Ella followed her gaze and saw a slight girl of about seven in the doorway. She wore a pink dress and yellow thongs and clutched a wrapped Christmas present. Pinned to the centre of her chest was a round purple badge saying ‘World’s Best Dad’.
‘Darce,’ Trina said, her voice gentle, and the girl sidled over to stand next to the end of the lounge. Trina hugged her from the side. Darcy’s eyes were dark in the poor light, her face pale, her gaze moving back and forth between Ella and Murray as if she was measuring their ability.
Trina said, ‘Do we have to talk about all this now?’
‘Most of it can wait,’ Ella said. ‘Just a couple more things. Do you have his mobile phone?’
‘No.’
‘Could you tell us the number, please?’
She recited it and Murray wrote it down.
‘Wasn’t it with him?’ Trina said. ‘He takes it everywhere. Took.’
‘I’m sure it’ll turn up,’ Ella said, then hesitated. ‘There is one other thing. We need someone to formally identify him to us.’
‘No.’ Trina squeezed the tissues so hard the tendons in the backs of her hands stood out. ‘I can’t see him.’
‘Does he have siblings? Parents?’
‘His sister Carmel lives in the UK. His mum and dad are away on holiday. They have a caravan. They’re on the Sunshine Coast. Due back next week.’
‘What’re their names?’ Ella asked. They’d get the local coppers to notify them.
‘Ray and Barbara.’ Trina kissed the side of Darcy’s head. Darcy’s eyes followed the movement of Murray’s hand as he wrote the information down.
Ella thought about the friend named Seth Garland at the hospital. He could do the ID. She studied Trina. Her eyes were dry now, and she seemed calm. They needed to get going.

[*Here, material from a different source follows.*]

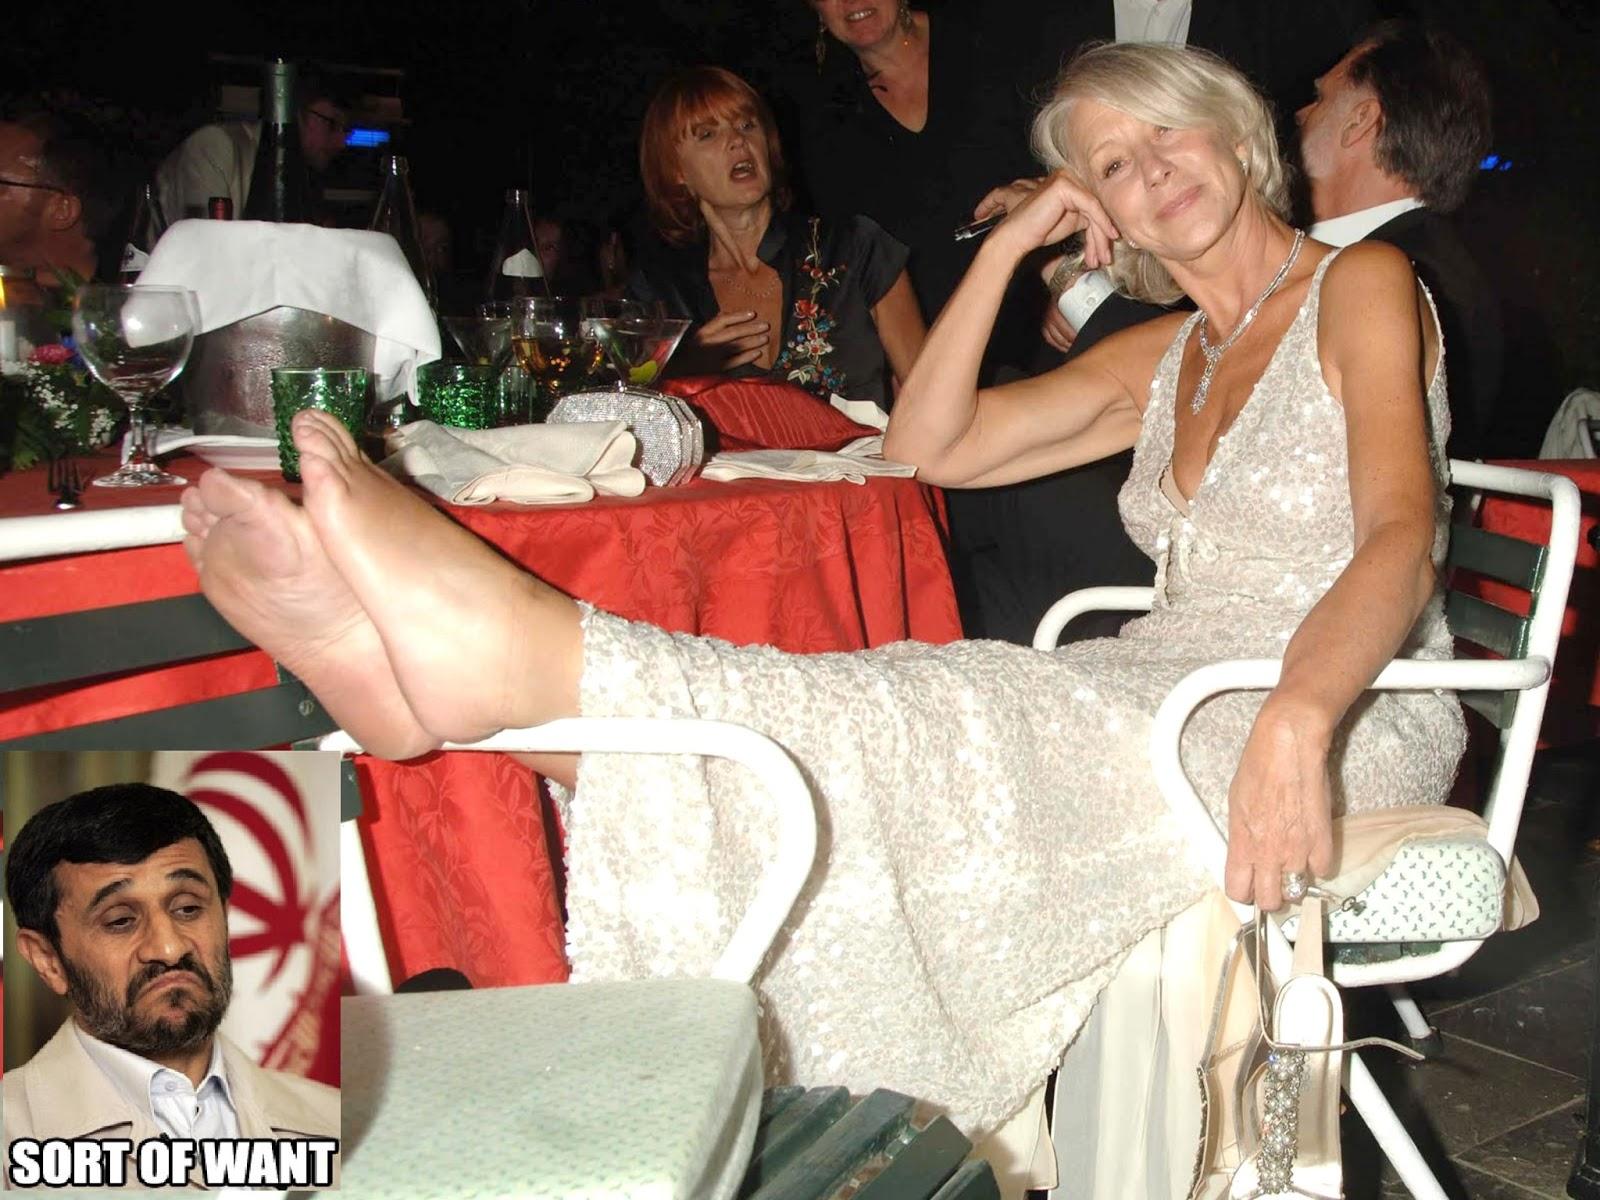 http://1.bp.blogspot.com/-X5Il_IXrOV4/USWHtUb24JI/AAAAAAAABsk/ozy6_i8HcUs/s1600/Helen_Mirren_feet.jpg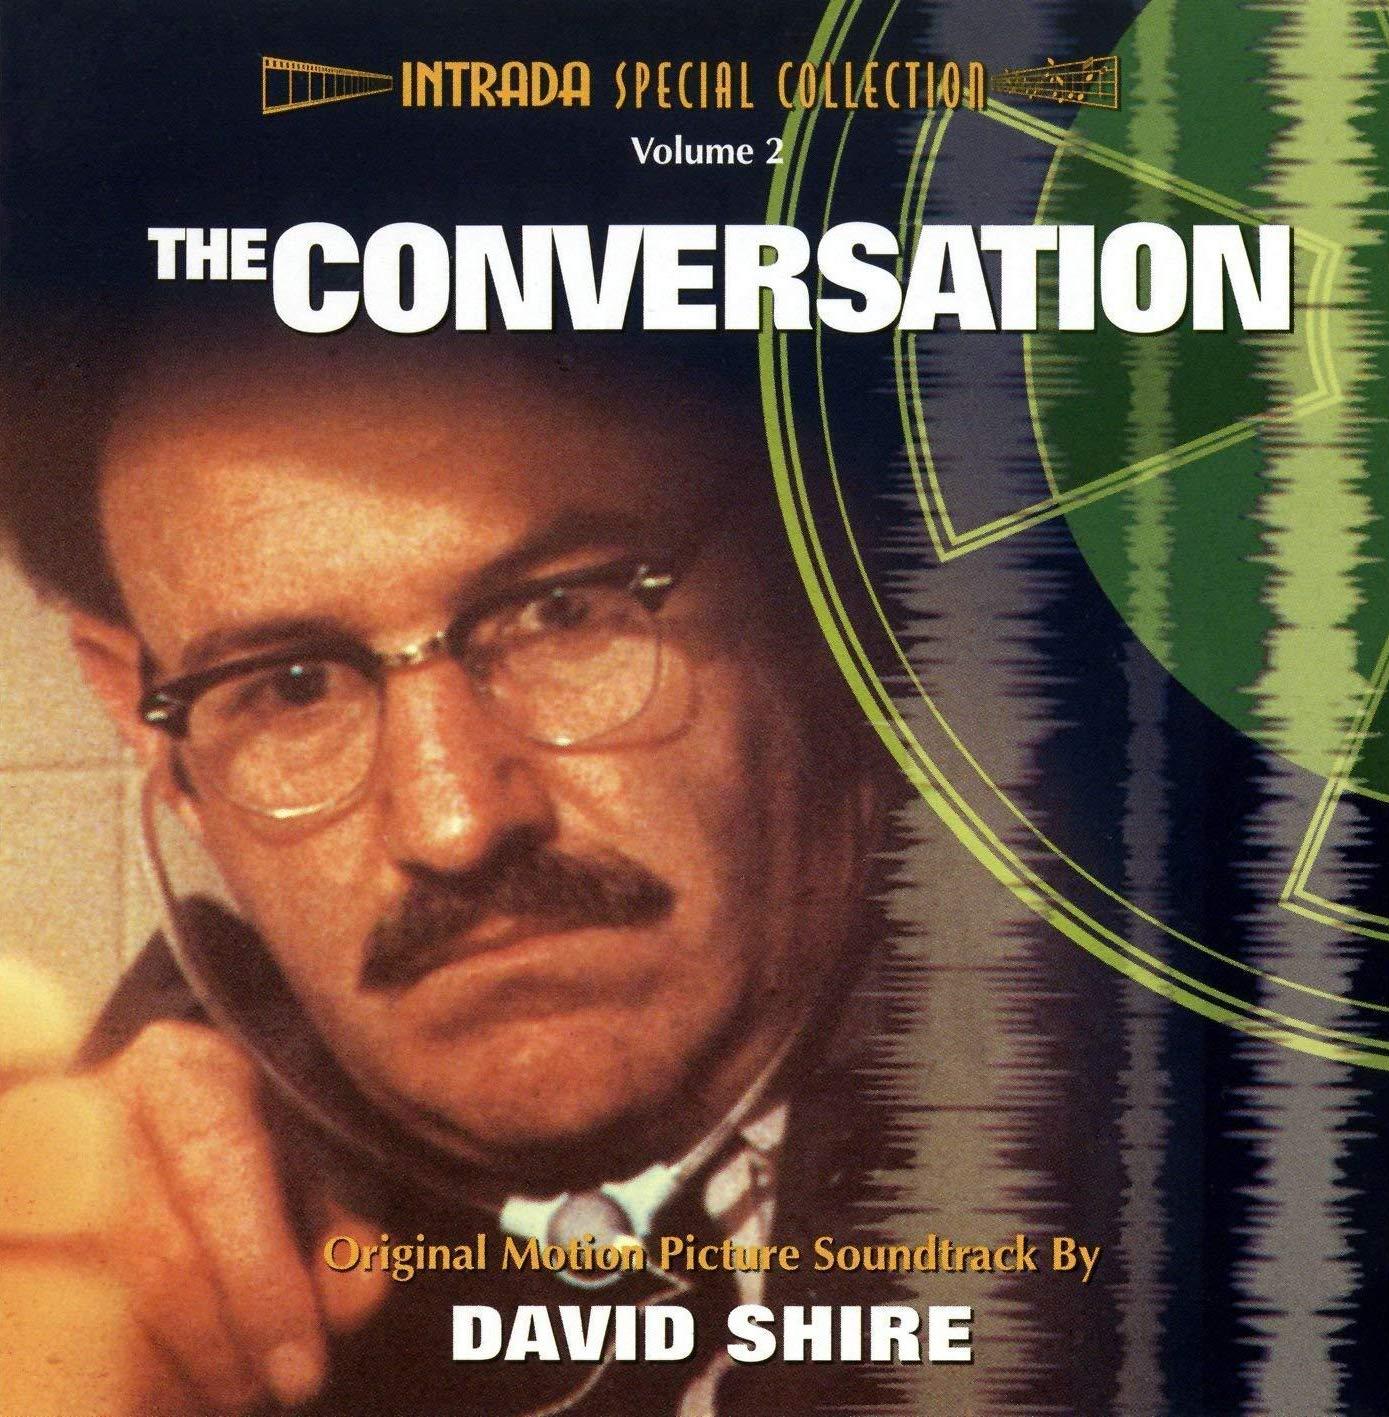 David Shire - Conversation / Soundtrack

‘Is there someone we can call for you?’ she said. ‘A friend in the complex?’
‘My mum’s on her way from Wetherill Park. I’ll be okay till then.’
Ella got out her card. ‘Please call me anytime – if you need anything, or want to talk or ask any questions. We’ll be in touch again tomorrow. Again, we’re sorry.’
She looked at Darcy, who looked past her. ‘I’m really sorry about your dad.’
Darcy said nothing.
Trina kissed the top of Darcy’s head, then walked them to the door and opened it. Heat and light rushed in and she flinched.
Ella peered back into the gloom and could just make out the shape of Darcy, motionless beside the lounge. She looked at Trina’s face. ‘I mean it. Call anytime.’